# Machine Learning in Crowd Modelling and Simulation

## Group: M
1. Muhammad Waleed Bin Khalid
2. Qais Hamarneh
3. Yiming Zhang

We implement a crowd simulation model using the cellular automata approach.
Our implementation can be run either by loading saved scenario files which are based on csv files or by the user detailing their own scenario.

Before moving ahead we import the key packages. It is best to install the required packages as detailed in the
`README.md` file with the help of the provided `requirements.txt` file.

In [1]:
import numpy as np
import matplotlib.pyplot as plt
import csv
from utilities import parser_array2obj, execute_rimea_4
from visualization import visualize_state
from main import crowd_simulator
from game_gui import start_game_gui
from pathlib import Path
import pandas as pd
import os 
from shutil import copyfile

%reload_ext autoreload
%autoreload 2
%matplotlib notebook

pygame 2.0.2 (SDL 2.0.16, Python 3.8.10)
Hello from the pygame community. https://www.pygame.org/contribute.html


# Some conventions
Throughout this notebook and in the simulations we will follow some labelling conventions for clarity. These are listen in the table below:

|Numerical Encoding|Description|Color Assignment in GUI and visualizations| |
|---|---|---|---|
|0|Empty Cell| <span style="color:blue">Blue</span>.  ||
|1|Pedestrian|  <span style="color:red">Red</span>. | |
|2|Obstacle| <span style="color:yellow">Yellow</span>.  |   |
|3|Target|  <span style="color:green">Green</span>. ||


# Task 1: The setup

It is possible to execute the crowd simulator in two ways. The first is to simply execute the `main.py` file i.e. `python3 main.py` and then following the instructions on the CLI. The second method is to execute it by calling the appropriate function and methods in the jupyter notebook environment. In order to show the functionality of the simulator, we will first make use of the pygame GUI. In subsequent tasks, since we wish to show states and specific plots, we will use the jupyter notebook environment to run the simulations.

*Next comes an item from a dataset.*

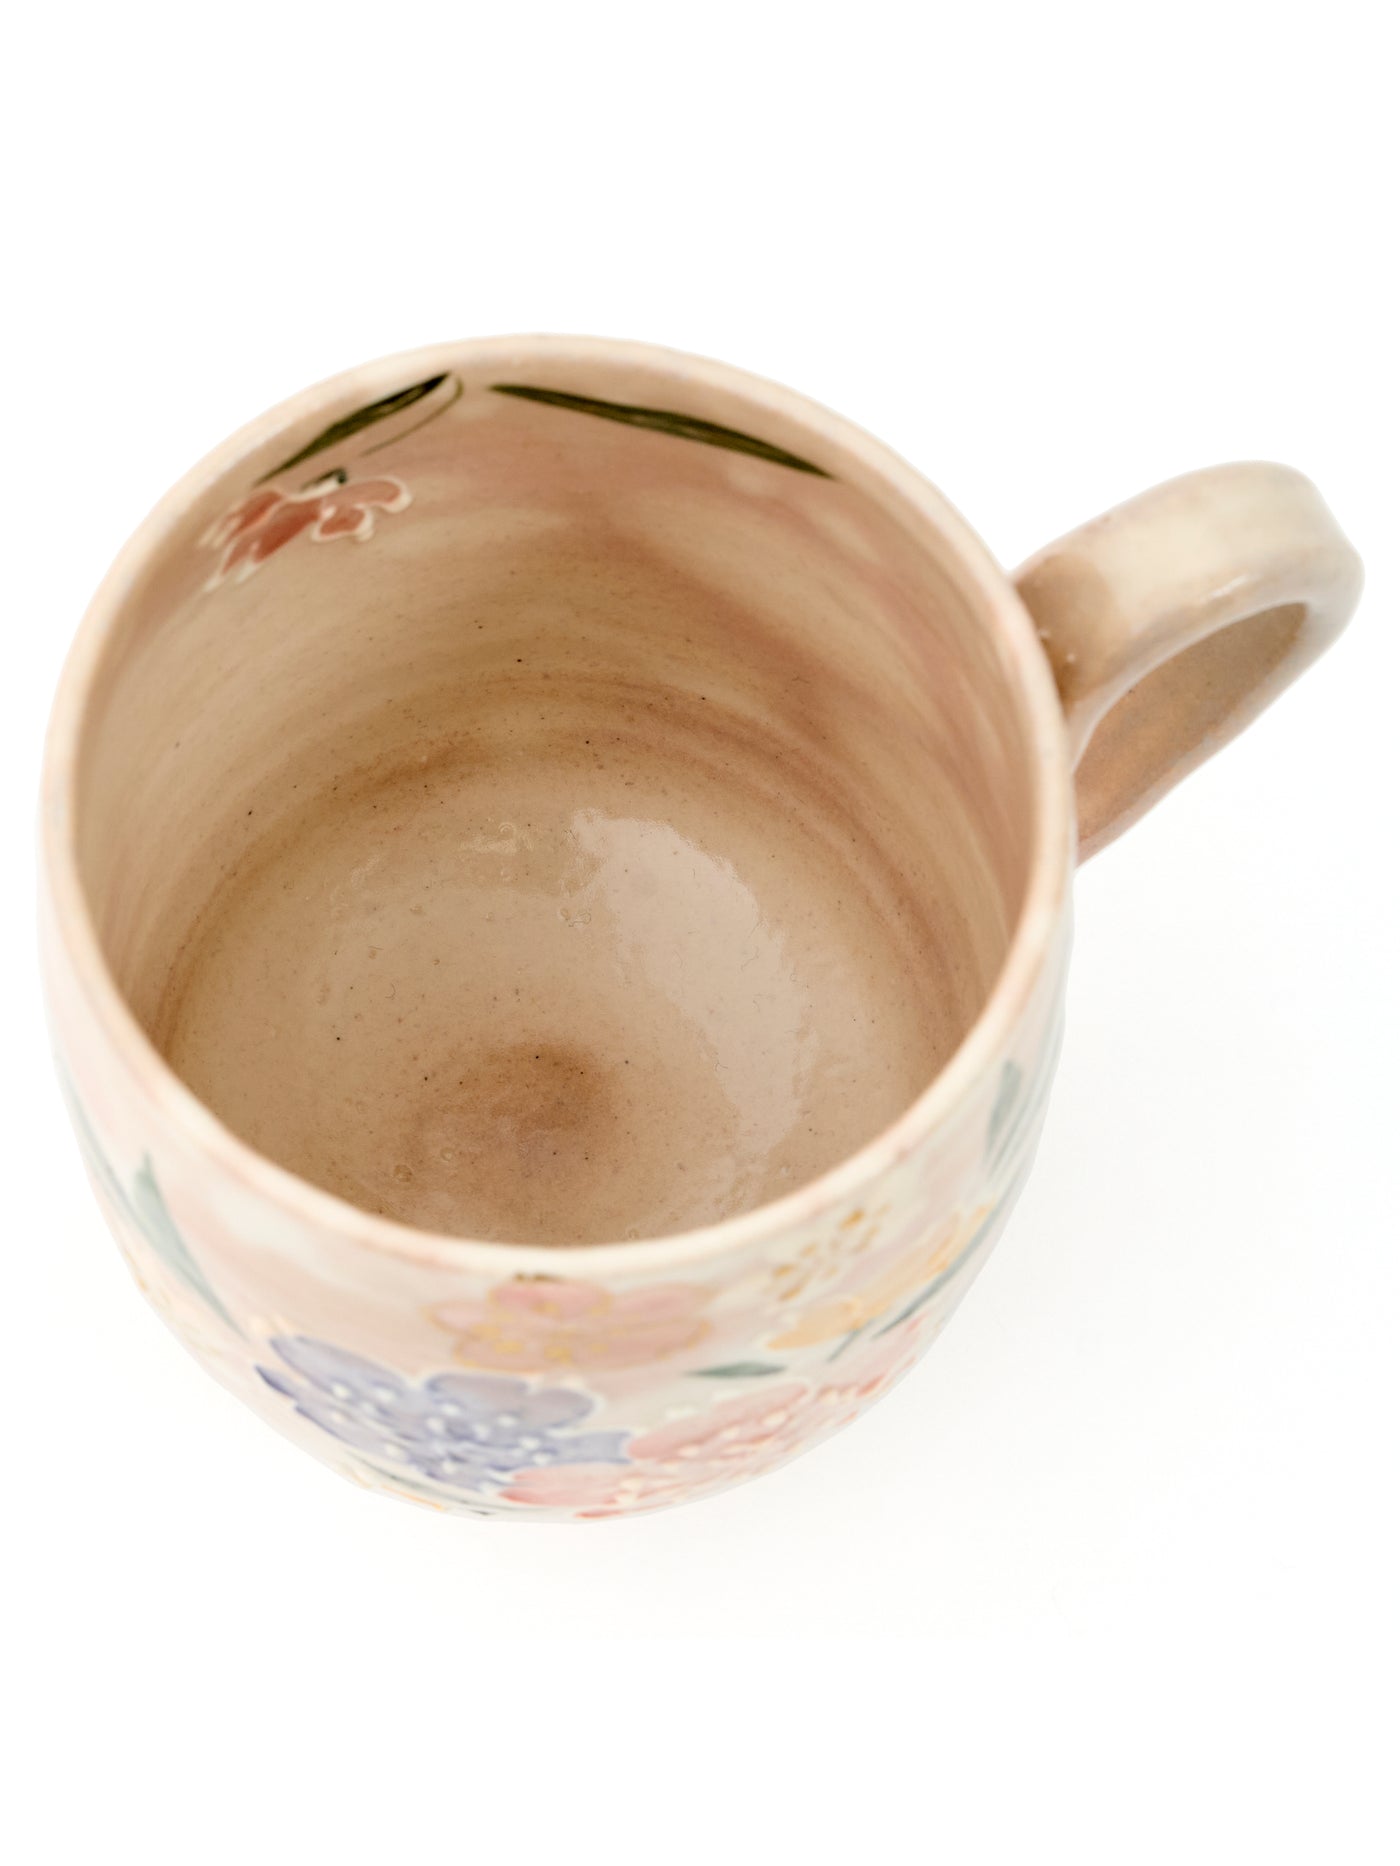 Sakura Kyoto Ware Coffee Mug by Kitaya

Here the user has two options

### Option 1: Load scenario
Some scenarios are already saved in the `scenarios` directory. These are simple csv files which follow the encoding described above and are read by the a `scenario_loader` function.

If you wish to load a scenario then type y in the following cell block. A list of available scenarios will be printed. Enter the id number of the scenario you wish to load and this will be loaded into a variable.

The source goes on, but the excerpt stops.